→ **Work item**
Everything from the line containing "Eason Chan added" through the final line below must be output exactly, both ends included, with nothing else and no pictures.

→ **Collected data**
'''

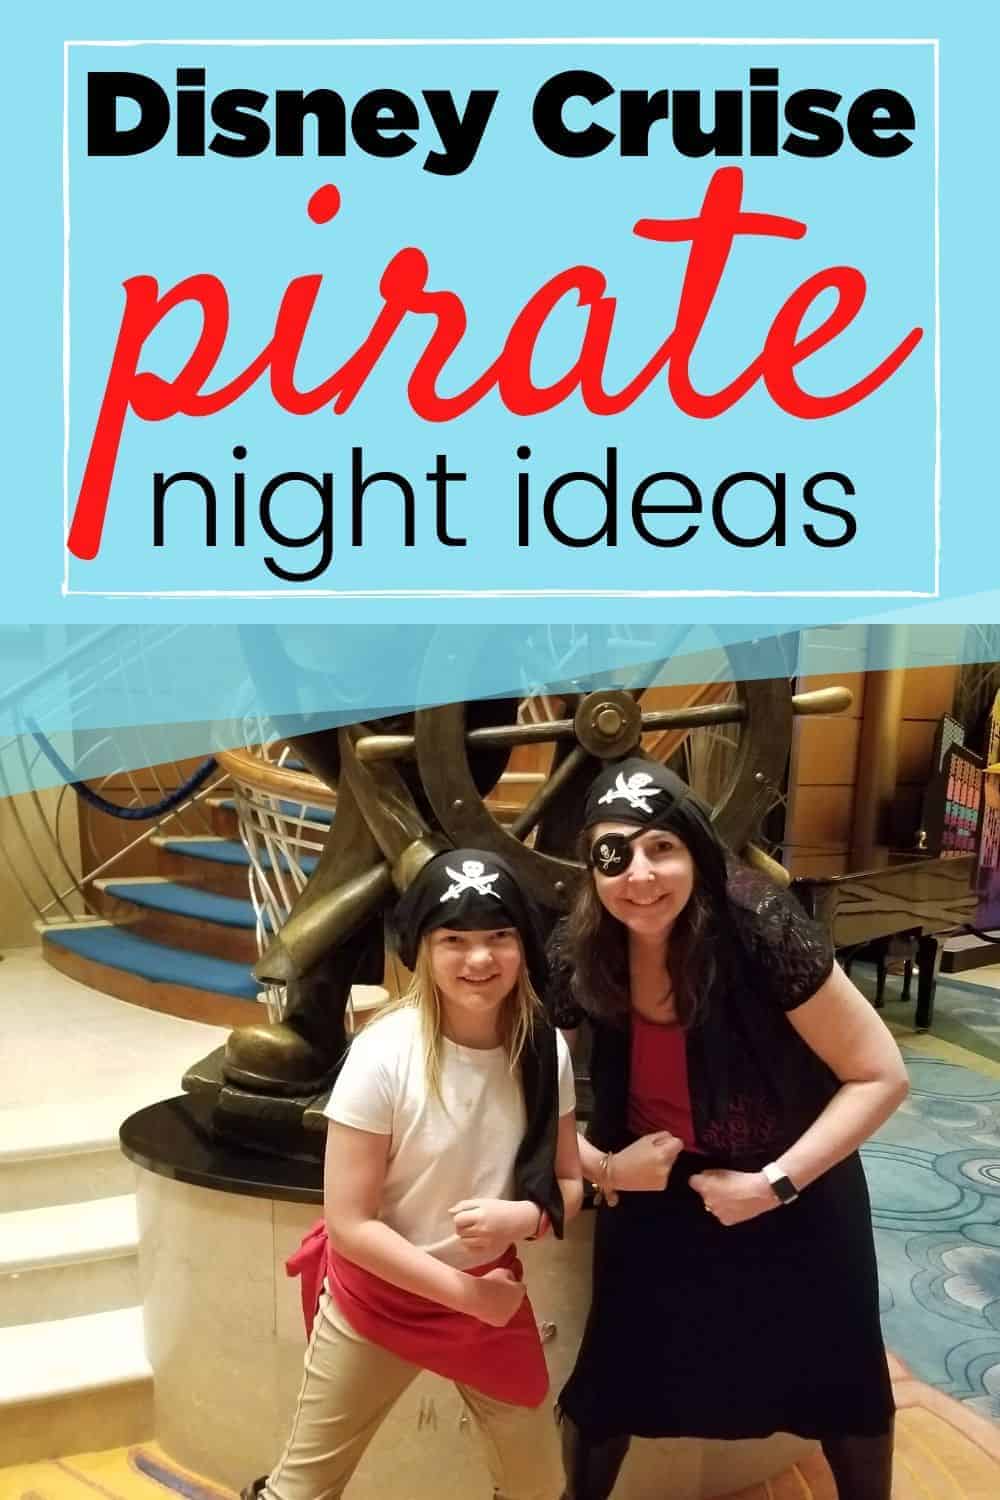 Disney Cruise Pirate Night is a fun time that everyone can join in on, but you need a pirate costume! We’ll answer all of your pirate night questions here to make sure you’re all set before you leave for your cruise!
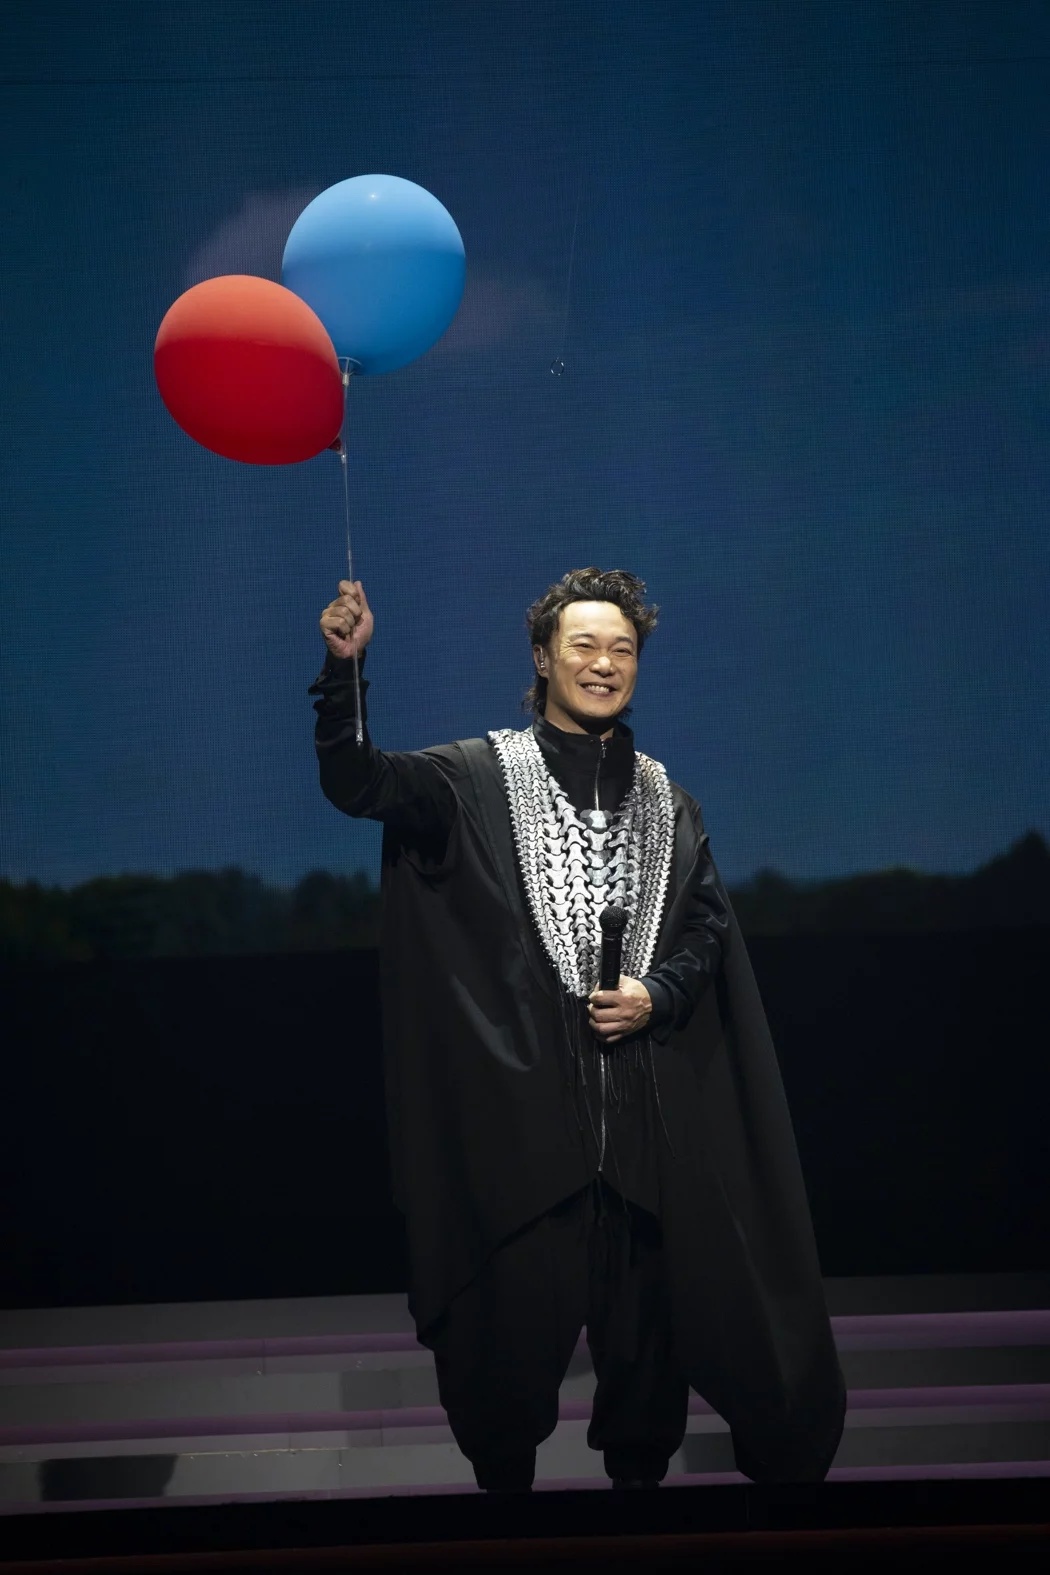 Eason Chan added 2 games to add meaning to epidemic prevention and send air kisses to his wife and daughter
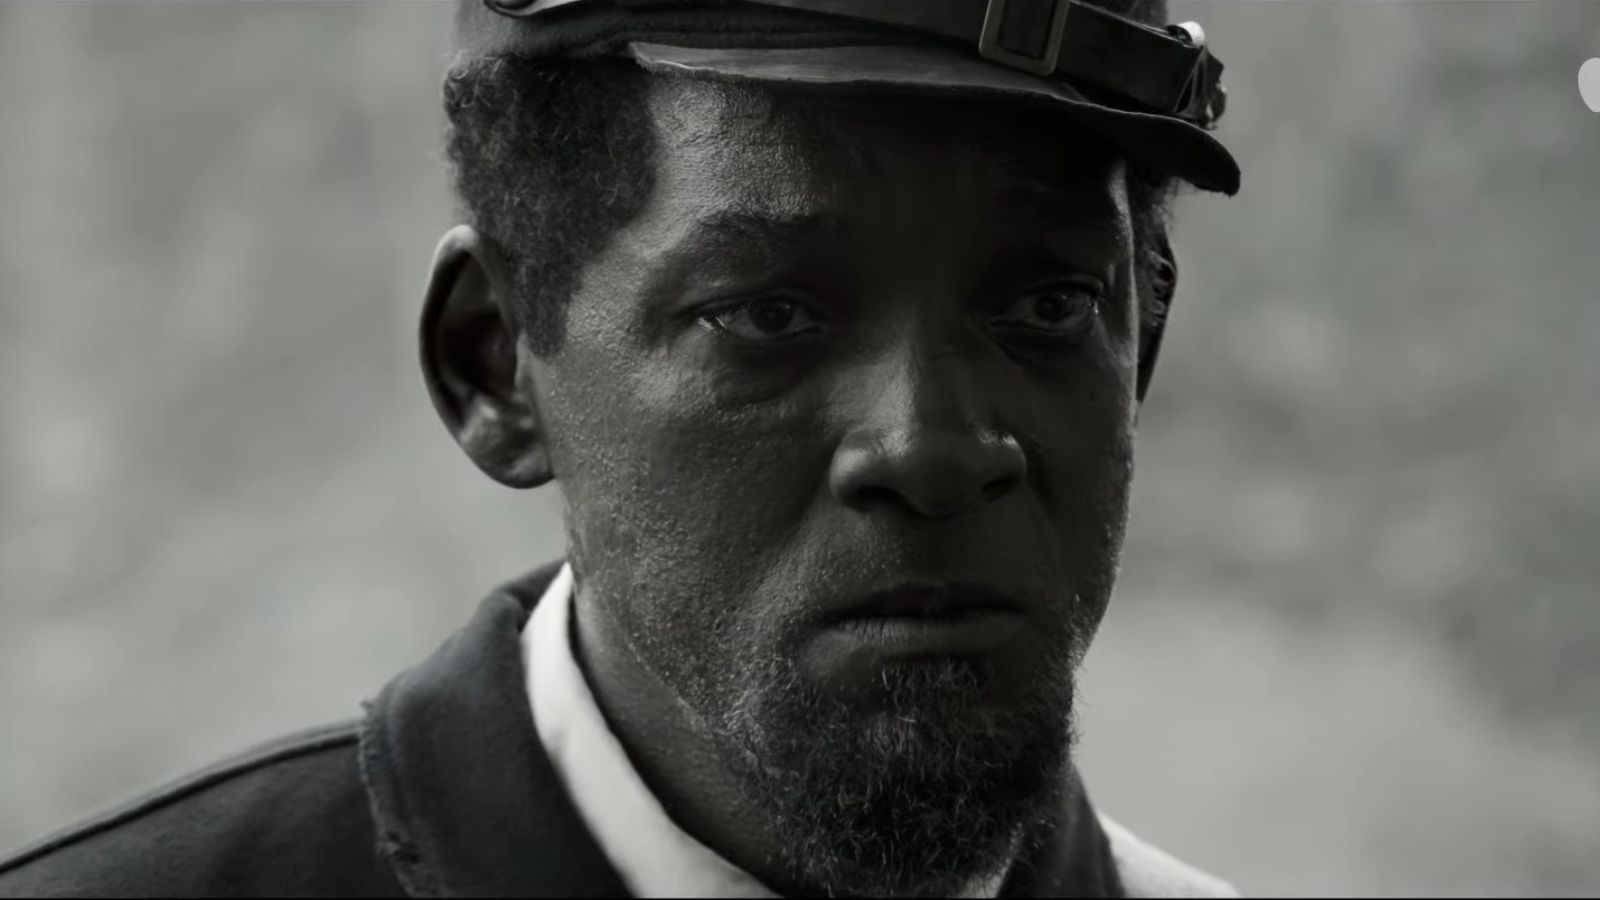 Will Smith's 'Emancipation' trailer drops to instant criticism from Black fans

'''

→ **Expected output**
 Eason Chan added 2 games to add meaning to epidemic prevention and send air kisses to his wife and daughter
 Will Smith's 'Emancipation' trailer drops to instant criticism from Black fans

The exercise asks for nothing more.